I love comedy podcasts, The Jeselnek and Rosenthal Vanity Project, a favourite. His style is dark humour and it seems that a significant proportion of the audience actually believe some of the things he jokes about. I think it's one of the reasons they rarely field audience questions and never phone calls.
Hmm, what's something I really like that gets shit on all the time? Open-world games with question marks all over the map is a big one. I like checking off points of interest, but it's reviled by many, and I can understand why. I also hate Soulslike games even though they seem to be super popular.

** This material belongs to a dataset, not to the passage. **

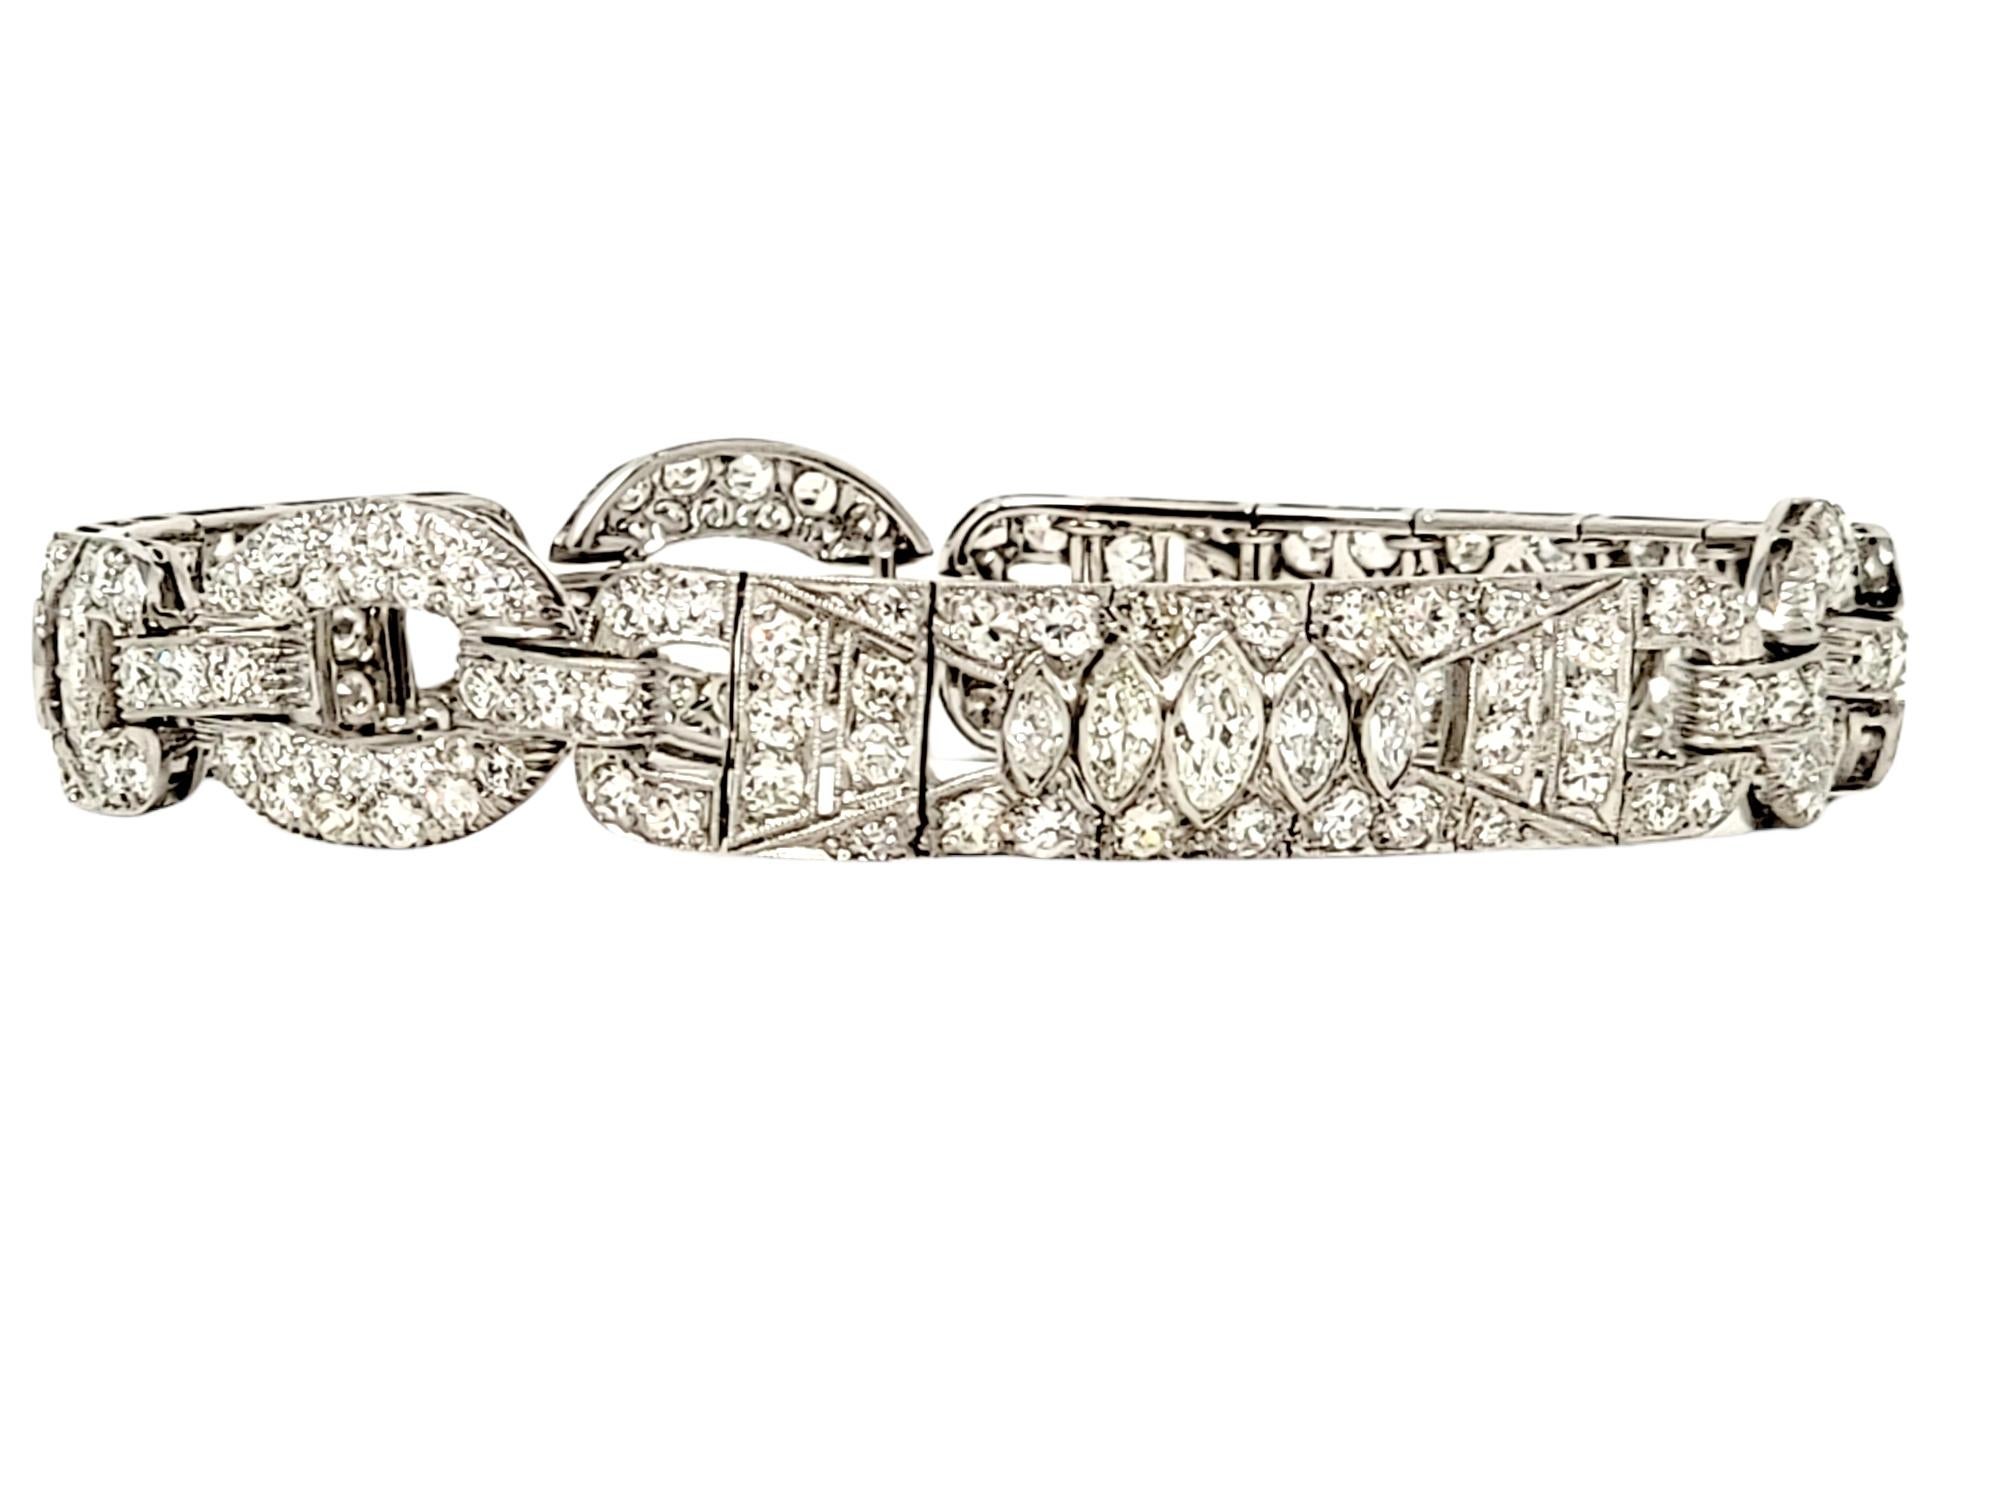 Art Deco 7.43 Carat Round and Marquis Natural Diamond Ornate Link Bracelet in Platinum For Sale

Oh ffs. For me it was the 40K fans. The grand majority is completely fine. But there are still these mouth breathing, bitter, gatekeeping neckbeards who loose their mind the moment something goes against…well they loose their mind all the time. No real reason to it. At least the mods tried to contain the worst offenders. Who would have thought a setting filled with hate and xenophobia attracts hate filled racists?
Firefly. Only because I've never met anyone that wasn't someone I had to introduce to it. Let alone the comics, novels, board/card games, etc.
But for real, if I ever got anyone enough of a base around me becoming such fans as I; I would also happen to have enough of the old school Mage:tAs books to equate Technocracy with the Alliance and equate the Trads to Pirates.
I used to be active on /r/mma which was actually a decent sub with good moderation, but there was also /r/ufc which was just awful.
A place for teenagers to post dogshit takes and say shit like “I can’t wait to see X fighter get knocked out”. They treat it like WWE, wanting it to be a dramatic story and not the competitive sport that it is.